Overdenking van vandaag:
Eén van de belangrijkste vragen die je ooit zult beantwoorden is deze: voor wie werk ik? Ongeacht wat je baan of roeping is, is dit de cruciale vraag. Werk je om jezelf te plezieren? Werk je om je baas te plezieren? Werk je om je collega's of je leidinggevenden te imponeren? Werk je voor God?

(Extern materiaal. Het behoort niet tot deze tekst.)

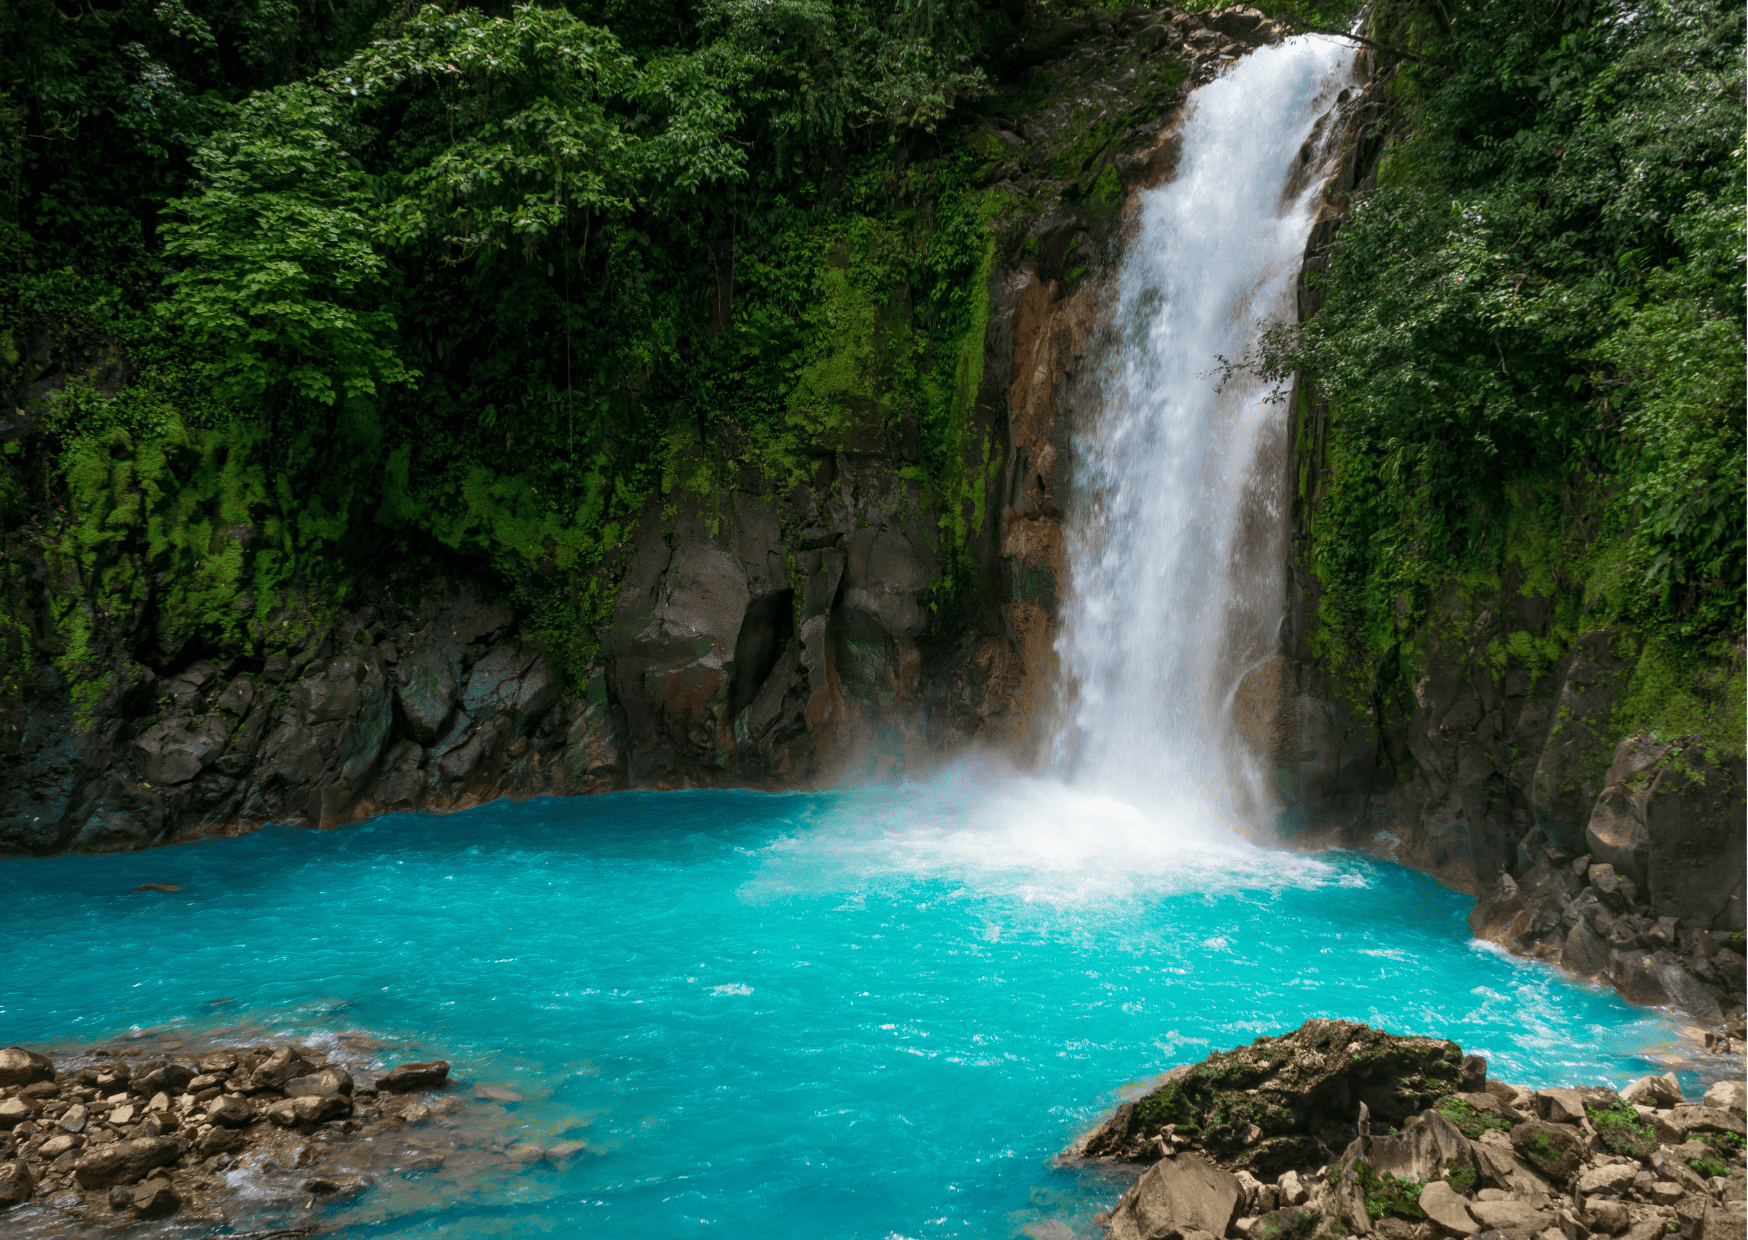 Rio Celeste Waterfall in Costa Rica - Aruba vs Costa Rica, Costa Rica vs Aruba

Zoveel van onze angsten en frustraties hebben met dit elementaire punt te maken: wanneer wij christenen zijn, werken wij voor God. Wanneer wij het werk doen dat hij ons heeft toegewezen, hoeven we niet verbitterd of jaloers te zijn als iemand anders de aandacht krijgt. Wanneer God tevreden is, is ons leven een succes. Dus laten wij God vragen om de taak die hij voor ons heeft aan ons te onthullen en laten wij die dan gaan doen met vreugde en passie.
Gebed:
Vader, geef mij een hart zoals Johannes de Doper. Ik wil vreugde en voldoening vinden in het doen van het werk wat u in dit leven voor mij hebt. Geef mij een hart dat tevreden zal zijn wanneer het u heeft geplezierd. Geef mij een hart dat bevrijd is van jaloezie omdat een ander meer waardering krijgt voor zijn werk. Help mij alstublieft lieve Vader, wanneer mijn leven voorbij is, dat ik op zo'n manier zal hebben geleefd dat ik u zal kunnen horen zeggen: "Goed gedaan goede en trouwe dienaar." In de naam van Jezus. Amen
Contekst: Johannes 3:22-36
"Na dezen kwam Jezus en Zijn discipelen in het land van Judea, en onthield Zich aldaar met hen, en doopte. En Johannes doopte ook in Enon bij Salim, dewijl aldaar vele wateren waren; en zij kwamen daar, en werden gedoopt. Want Johannes was nog niet in de gevangenis geworpen. Er rees dan een vraag [van] [enigen] uit de discipelen van Johannes met de Joden over de reiniging. En zij kwamen tot Johannes, en zeiden tot hem: Rabbi, Die met u was over de Jordaan, Welken gij getuigenis gaaft, zie, Die doopt, en zij komen allen tot Hem. Johannes antwoordde en zeide: Een mens kan geen ding aannemen, zo het hem uit den hemel niet gegeven zij. Gijzelven zijt mijn getuigen, dat ik gezegd heb: Ik ben de Christus niet; maar dat ik voor Hem heen uitgezonden ben. Die de bruid heeft, is de bruidegom, maar de vriend des bruidegoms, die staat en hem hoort, verblijdt zich met blijdschap om de stem des bruidegoms. Zo is dan deze mijn blijdschap vervuld geworden. Hij moet wassen, maar ik minder worden. Die van boven komt, is boven allen; die uit de aarde is [voortgekomen], die is uit de aarde, en spreekt uit de aarde. Die uit den hemel komt, is boven allen. En hetgeen Hij gezien en gehoord heeft, dat getuigt Hij; en Zijn getuigenis neemt niemand aan. Die Zijn getuigenis aangenomen heeft, die heeft verzegeld, dat God waarachtig is. Want Dien God gezonden heeft, Die spreekt de woorden Gods; want God geeft [Hem] den Geest niet met mate. De Vader heeft den Zoon lief, en heeft alle dingen in Zijn hand gegeven. Die in den Zoon gelooft, die heeft het eeuwige leven; maar die den Zoon ongehoorzaam is, die zal het leven niet zien, maar de toorn Gods blijft op hem."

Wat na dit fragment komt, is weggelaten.